Exercise instructions: Taking the entries below, transcribe only the lines starting with the one with "Human-ist_Logo_1200x1200px" and going on through the one with "Crew Marketing Partners logo", exactly as written, without the pictures.

Input for this task:
========================

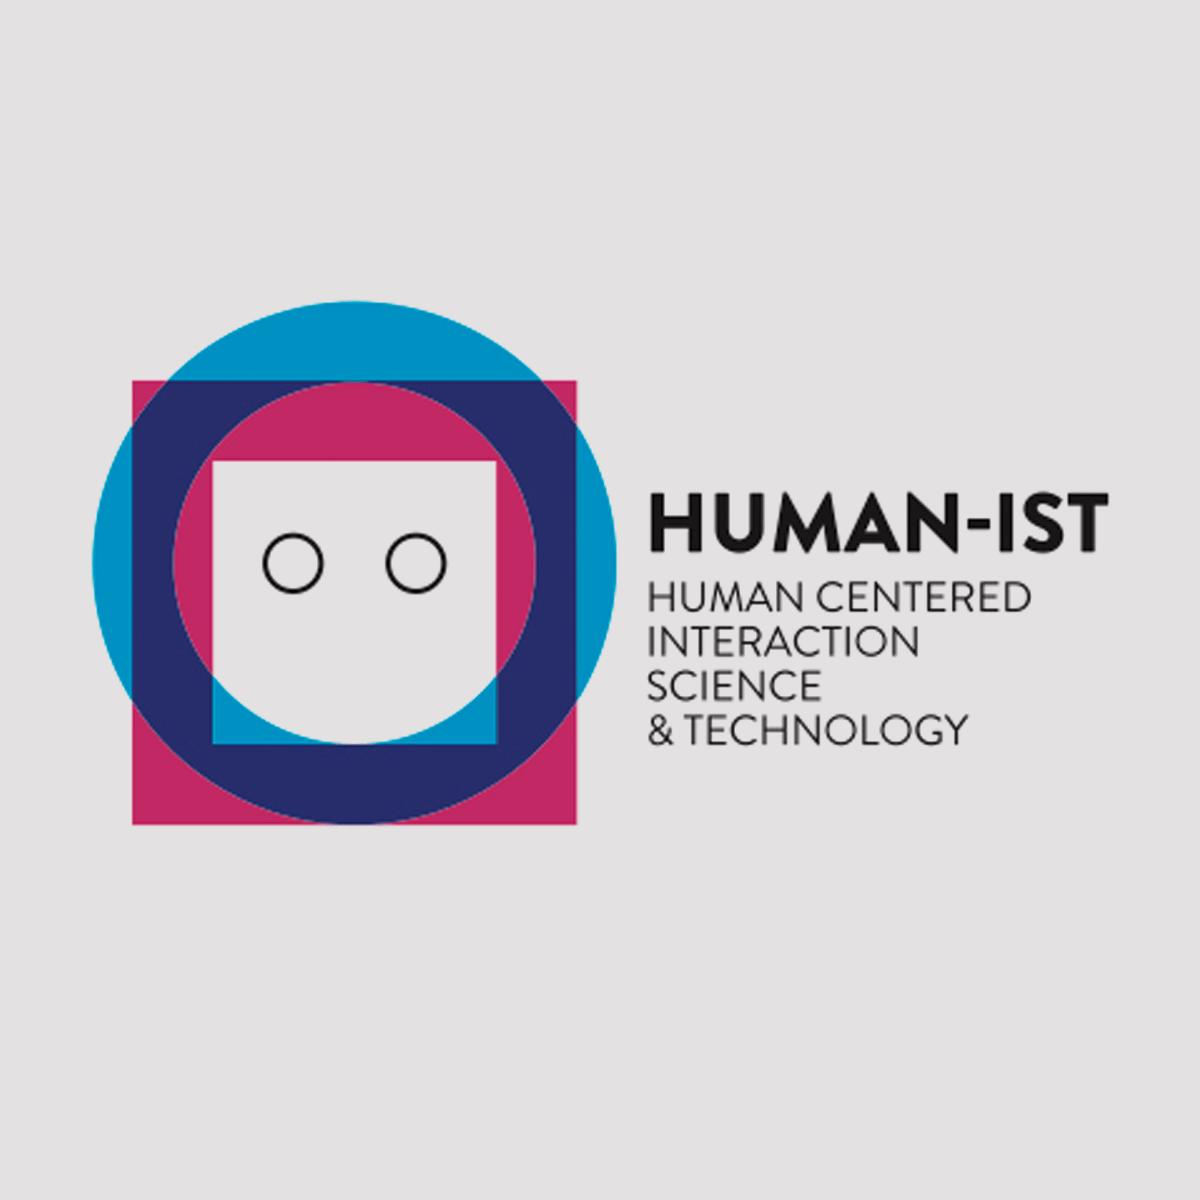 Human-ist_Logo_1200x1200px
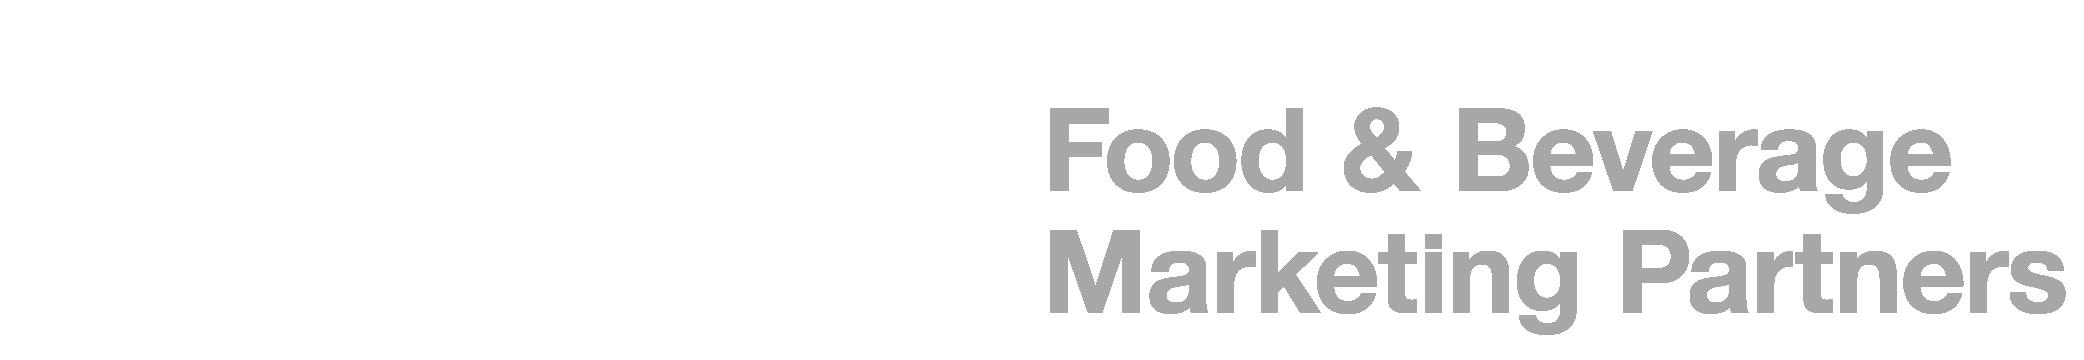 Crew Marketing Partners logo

========================

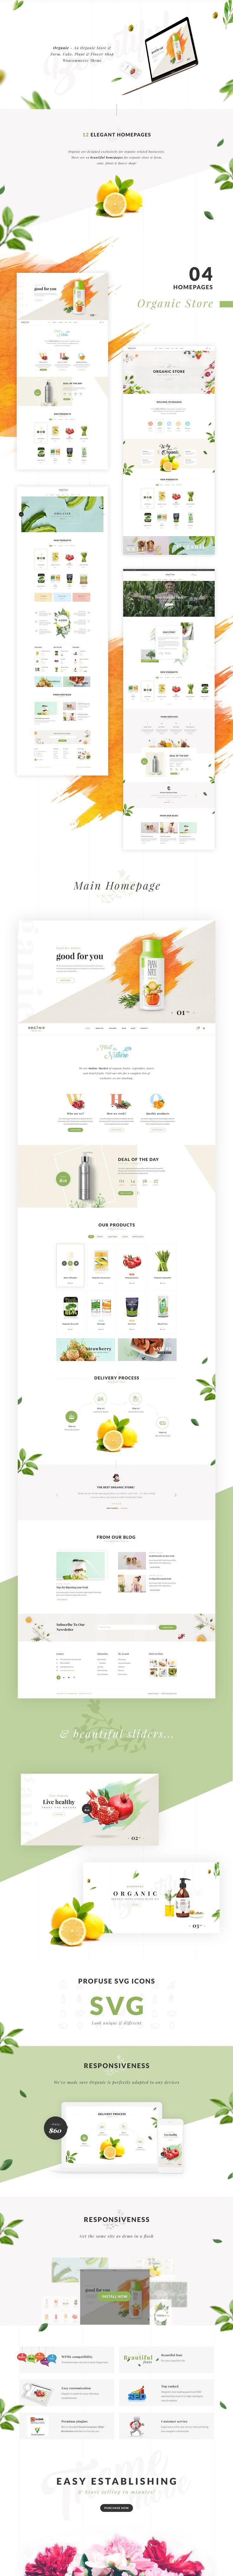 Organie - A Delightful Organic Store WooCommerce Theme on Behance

========================

Exercise solution:
 Human-ist_Logo_1200x1200px
 Crew Marketing Partners logo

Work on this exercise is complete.